Я сглотнула и в ужасе занесла его, чувствуя, как вцепилась в ручку, пытаясь её раздавить. Ничего нельзя было с этим поделать… Дотянулась до ноутбука, где оставалось только щёлкнуть по последней песне в папке, но притворилась, что ищу её… время на подышать перед смертью.
— Помнишь, да? Микрофон держать на расстоянии двух пальцев ото рта, под углом примерно сорок пять градусов. Все повышения и понижения громкости нужно делать своим голосом!
— Помню… — было у меня время научиться держать микрофон в караоке!
Последний раз незаметно вздохнув, я включила минусовку и отскочила от ноутбука к центру кабинета.
Молниеносно захрипела акустическая гитара, нагнетая вступление. Я зажмурилась, отсчитывая восемь скорых ударов. Потом вспомнила, что Надин угрожала вставить мне спички между век, и резко распахнула глаза одновременно с тем, как и вдохнула побольше воздуха…
Пожалуйста, пусть получится красивое «иго-го» голосом!
— There's a fi-i-ire starting in my heart, — меня настолько оглушило волнением, что я не соображала, что делаю.
Ступни отяжелели, мышцы живота напряглись, не позволяя скатиться в жалобную дрожь с первой же строки, а в груди и горле привычно загудело.
— Reachi-i-ing, — я не сорвалась?
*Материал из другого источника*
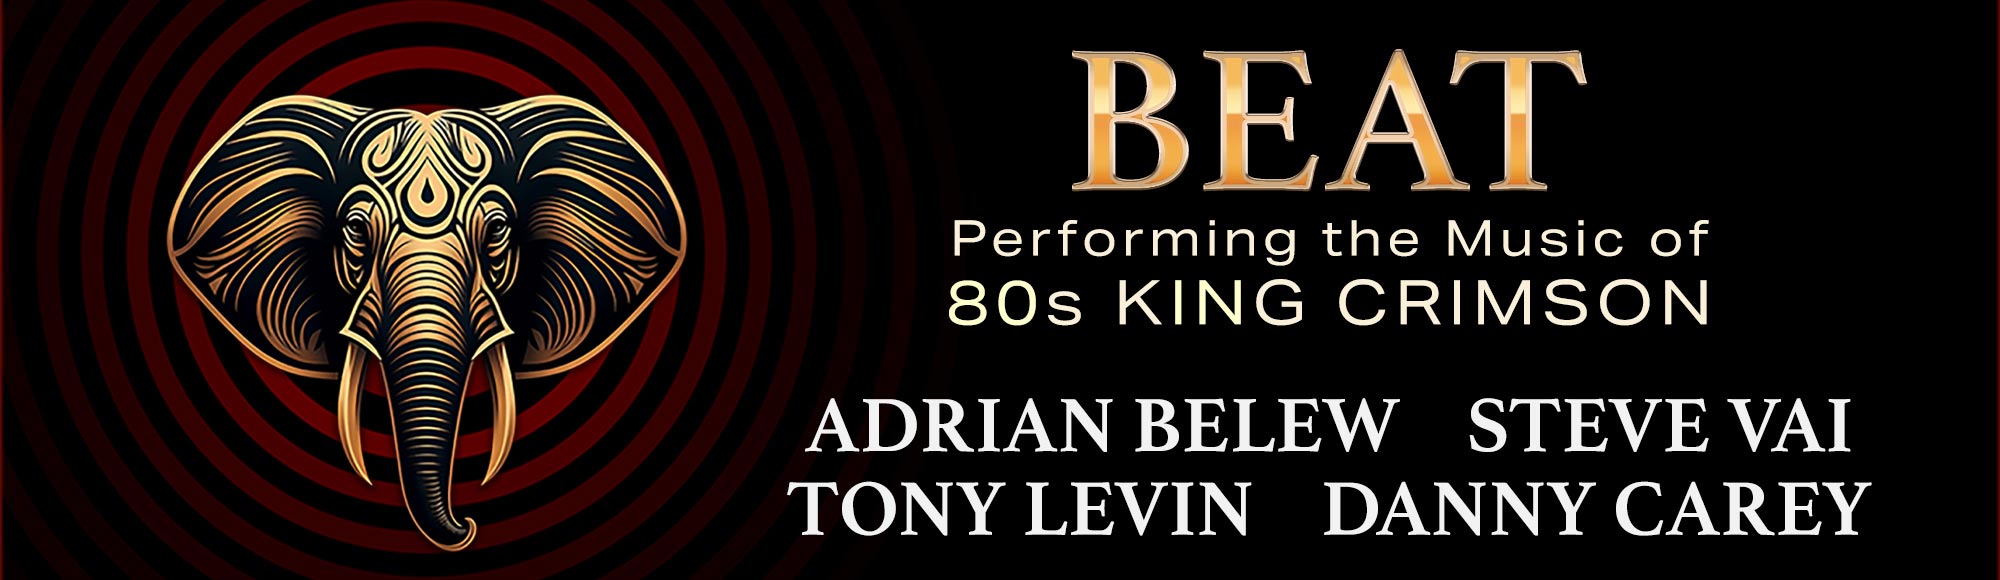 BEAT – Belew, Vai, Levin, Carey Play 80s King Crimson show

Там высоко! Мама, у меня кружится голова! — А fever pitch and it's bringing me out the da-а-rk…
Я успела втянуть ноздрями воздух и оскалилась пошире.
— Fina-a-ally, — обожаю этот момент! Он получался у меня, как в оригинале. Наверное… — I can see you crystal clear!
Похоже, что я устояла перед паникой, скрутившей живот и отнимающей львиную часть дыхания.
— Go 'head and sell me out and I'll lay your shit bare!
Захотелось петь ещё смелее, размашистее. Так, как я позволяла себе изгаляться дома перед соседями. Всё-таки пришлось поступиться их психикой…
Не знаю, правильно ли это, но где-то в июле я ощутила, что мой пресс не так уж и сильно сжимался, когда я репетировала. Да и рот не всегда послушно открывался широко, но звук от этого словно бы и не страдал. Всё чаще вместо чувства изнасилования меня посещала лёгкость при звукоизвлечении. Правда, мысль о том, что в одиночку я могла свернуть не туда и скатиться в «Тётю Мотю» меня так и не оставляла. Я уже сталкивалась с тем, что находила для себя удобную позицию, радостная бежала к Надин Дмитриевне показывать наработки — а потом терпела словесные избиения целый месяц… Повторно пережить это унижение было бы страшнее, чем сознаться в убийстве.
Близился припев. Я опевала фразы и чеканила окончания, изображая из себя обладательницу шестнадцати «Грэмми». А моя попа сжималась тщательнее в новом приливе паники: я предпочитала напрячь ноги, живот, спину, все отверстия в теле — лишь бы не уронить неудобные верхние ноты, которые дома осиливала «по настроению» …
Пожалуйста, Регина! Просто спой это! А потом я куплю тебе большой масляный торт, воткну в него сникерсы, полью мёдом, присыплю сахаром и опущу в него твоё бордовое от стараний лицо…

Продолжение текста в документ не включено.